Велему не терпелось ехать домой, но Дивляна еще хворала, и везти ее было нельзя. Добролюта поила ее настоем ивовой коры, помогающим от боли в горле, заваривала нивяник, шиповник, солодку, но Дева Ильмера, несмотря на все заботы, поправлялась медленно. Дух ее был так угнетен, что и выздоравливать не хотелось. Не раз Дивляне, пока она лежала во тьме избушки, отвернувшись к бревенчатой стене и натянув на голову стеганое летнее одеяло, в отчаянии приходила мысль, что лучше бы ей сейчас умереть. Если бы Волхов вдруг пошел назад и жрецы сказали, что сам Ящер требует к себе Деву Ильмеру, она без возражений и даже с радостью встала бы на ту белую доску, которая невестам Волхова служит порогом подводных палат Ящера. Если не к Вольге, то хоть к Ящеру! Лучше смерть, чем эта тоска, сердечная боль, безнадежность, черная пропасть, в которую превратилось ее будущее.
Как ей жить дальше, она не представляла. Время словно застыло: ничего не происходило, Хотьшины домочадцы весь день были на лугах и в огородах, только Вояновна прибегала раньше всех, чтобы приготовить еду, и то по большей части возилась у печи под летним навесом, общим для всей Городишиной связки. Дивляну целыми днями никто не тревожил, но она понимала, что это не навсегда.
Когда у нее появилось время все обдумать и осознать, что она натворила, ее охватил такой ужас, что Дивляна невольно закрыла глаза, будто это могло помочь ей не видеть. Самое страшное, что только может приключиться с человеком в земной жизни – изгнание из рода, разрыв с родичами и чурами, потеря своего места в белом свете, – она навлекла на себя сама, по доброй воле. Она лишилась рода и опозорила его своим бегством – своим непокорством и своеволием, а еще тем, что заставила отца нарушить слово, данное полянам. И чем выше ее род, тем сильнее позор. А она осрамила всех своих предков: и с Волхова, и с Ильмеря. Потеряла все: поддержку и чуров, и тех, кто с детства окружал и любил ее. Если бы она умерла, родные хотя бы вспоминали ее с любовью, но она отторгла себя от них, и они постараются не произносить ее имени, думая о ней с негодованием и презрением…

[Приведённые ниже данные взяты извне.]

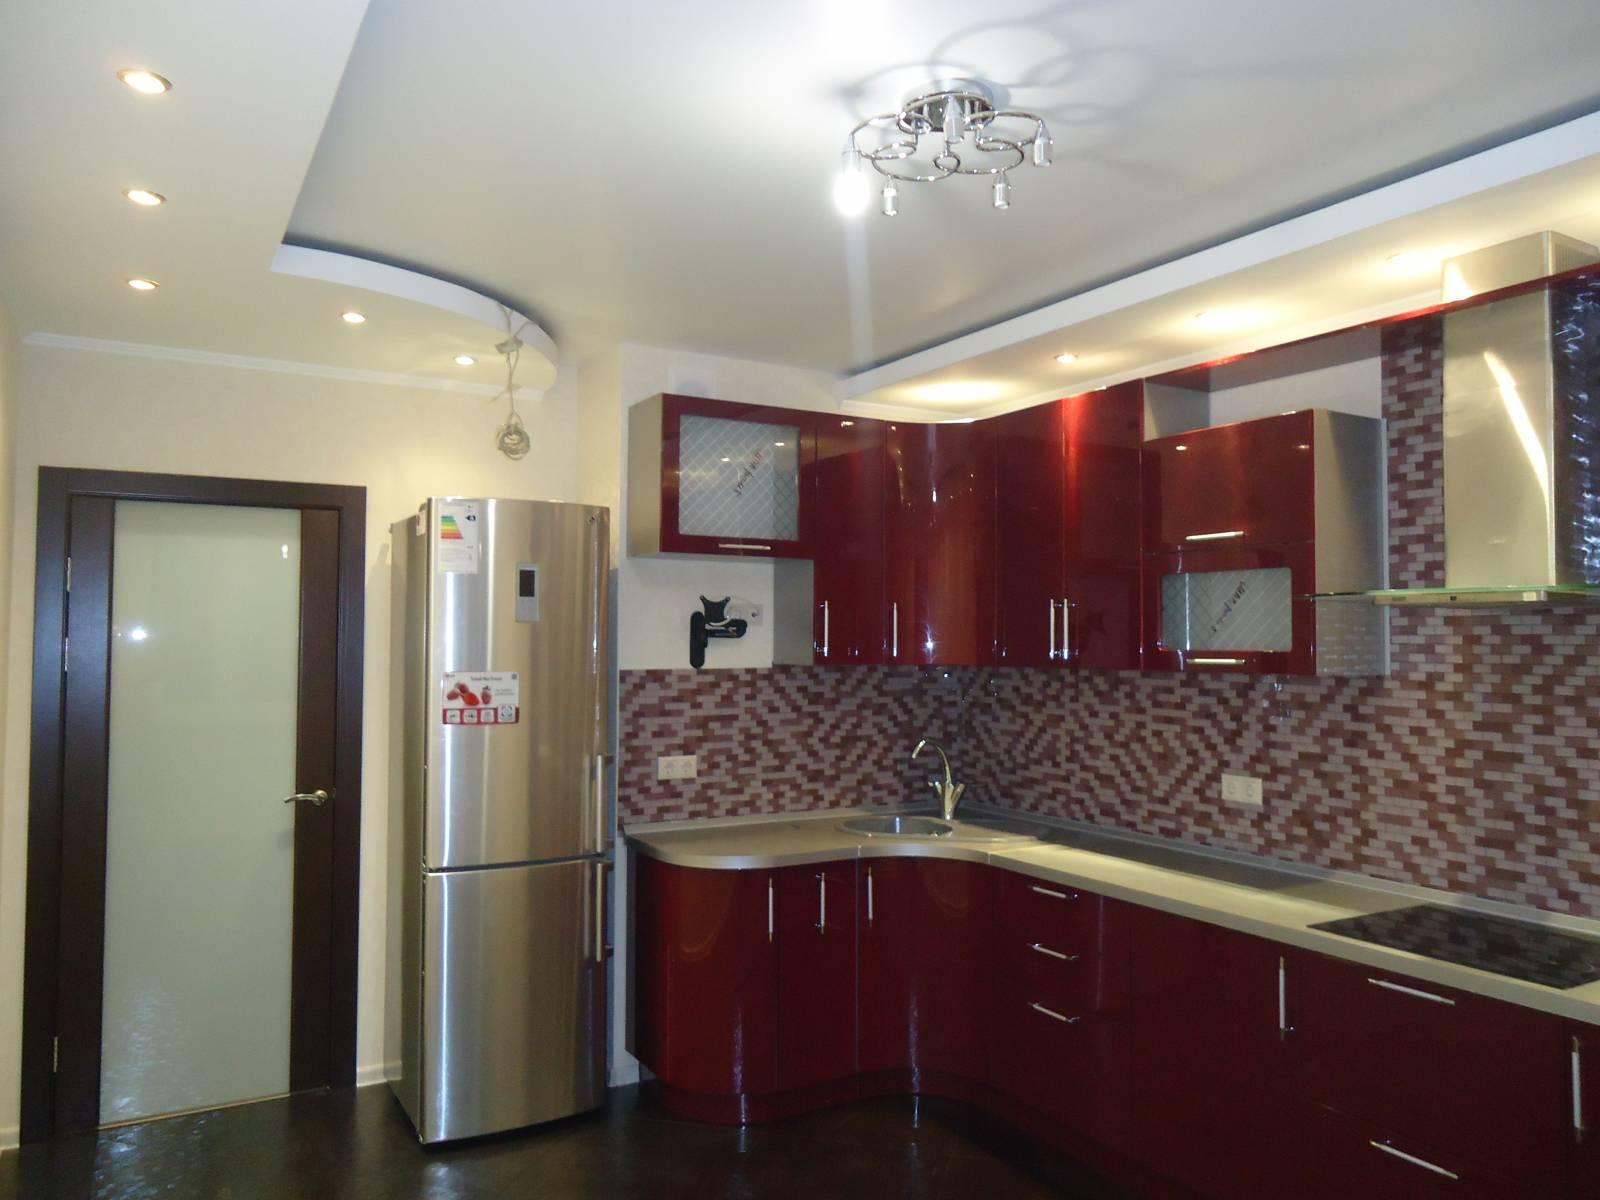 Кухня ремонт потолка своими руками фото

– Да, сами боги меня заставили бежать! – пытаясь оправлаться, говорила она Добролюте. – Ведь если бы иначе, если бы я своей волей, они бы меня отвергли и Огнедевой не избрали бы! И огонь бы Лелин не загорелся, будь я недостойна!
– А коли так, чего же тоскуешь?
– Я… Чего же судьба моя хочет? – в отчаянии воскликнула Дивляна. – Мечусь, будто лист сухой на ветру: то за Вольгу меня ладят, то за Асколька полянского, а то вдруг боги избрали, и все женихи побоку! В чем же моя настоящая-то судьба?

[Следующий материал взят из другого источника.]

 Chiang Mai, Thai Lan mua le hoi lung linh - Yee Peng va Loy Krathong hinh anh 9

– Эх, горлинка моя! – Добролюта вздохнула и сжала ее узкую белую руку своей загрубелой и загорелой рукой. – Люди внуков женят, а судьбы своей понять не могут. У тебя еще вон сколько времени впереди.
Добролюта привязалась к девушке, которую боги сами привели к ней. Но будь Дивляна ее родной дочерью, что она сказала бы ей? Ведь что-то дало ей силу решиться на это – покинуть свой дом и своих чуров. Покорность своему роду – это важно, на этом держится устойчивость и сохранность человеческого мира. Но мир застывший, не растущий, обречен на гниение и умирание – ведь неподвижным бывает только мертвое. А Добролюта знала, что именно это непокорство иной раз дает силу сделать шаг вперед. К добру этот шаг приведет или к худу – знают только боги, но это шаг прочь от неподвижности и разрушения. Однако пока совсем не ясно, чего же хочет судьба от дочери Домагостя.

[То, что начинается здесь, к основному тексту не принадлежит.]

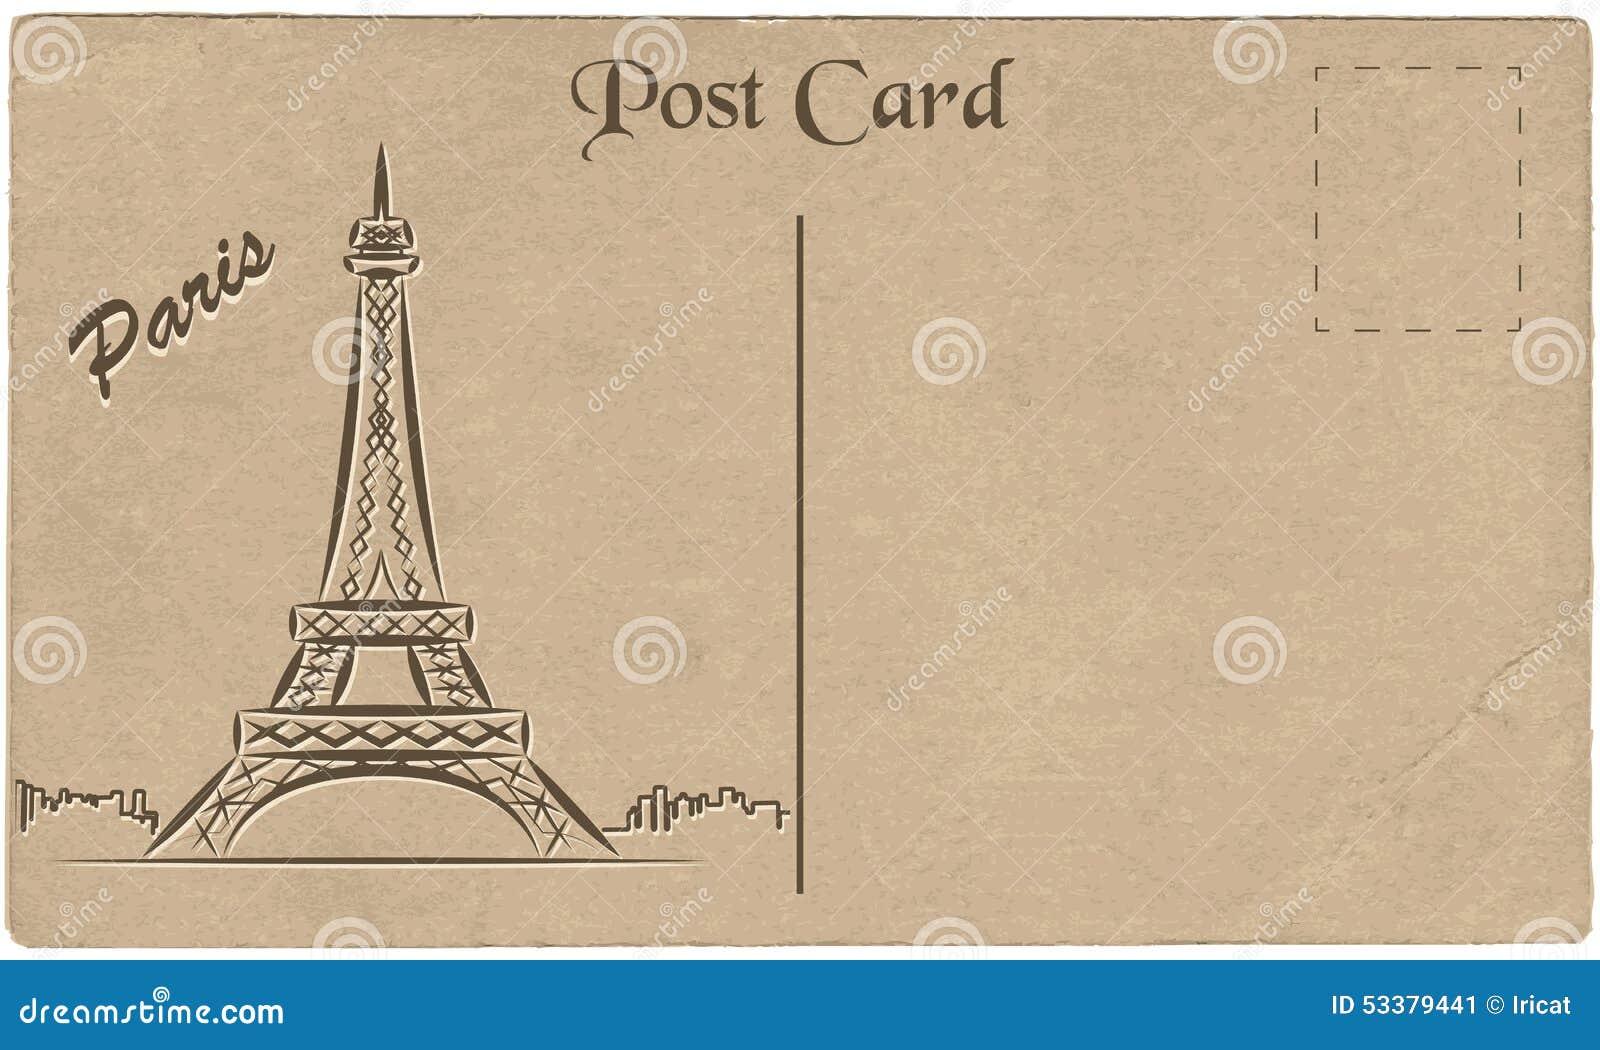 Eiffel Tower Invitation is amazing invitation design

Даже Велем изменился. Он целые дни проводил вместе с Городишиными сыновьями, помогал им заканчивать сенокос, ездил с ними на охоту, не только стремясь помочь гостеприимным хозяевам, но и не желая оставаться с сестрой. И вернувшись, он держался по-другому: строже, суше и холоднее. Он, ее родной брат, ее ближайший товарищ, защитник, помощник, хранитель ее детских и девичьих тайн, ее опора во всякой беде… Какими мелкими и смешными казались теперь ее прежние девичьи беды! Но Дивляна не винила его за это охлаждение. Изменилась она сама, стала чужой для него.
На самом деле Велем просто не знал, как ему теперь с ней быть. Он отчаянно злился на сестру за тревогу, трудности и позор, который она навлекла бы на род, если бы ее побег удался, но еще сильнее гневался на Вольгу, задурившего ей голову и сманившего на это дело! Он не мог взять в толк, как на такое могла решиться его сестра, его Дивляна, Искорка, как звала ее мать. У нее, конечно, всегда ветер в голове свистел, но она была своя, родная до последнего золотого волоска, и не получалось представить ее среди изгоев, отторгнутых своим родом и родом человеческим. Среди тех, кто становится волками-оборотнями, уходит в звериный мир. И не меньше самой Дивляны он изводился мыслями о том часе, когда привезет ее домой…
Приближался Перунов день, за которым следует жатва. В ожидании ее предстояли Зажинки – не столько настоящее начало уборки урожая, сколько обряд, привлекающий благословение богов на это самое важное в году дело. Прошло новолуние, в небе появился тоненький серпик молодого месяца – словно сами боги вручали жницам их орудие труда. Это было удачное предзнаменование: если жатва начинается на растущем месяце, то и урожай будет возрастать и получится богатым.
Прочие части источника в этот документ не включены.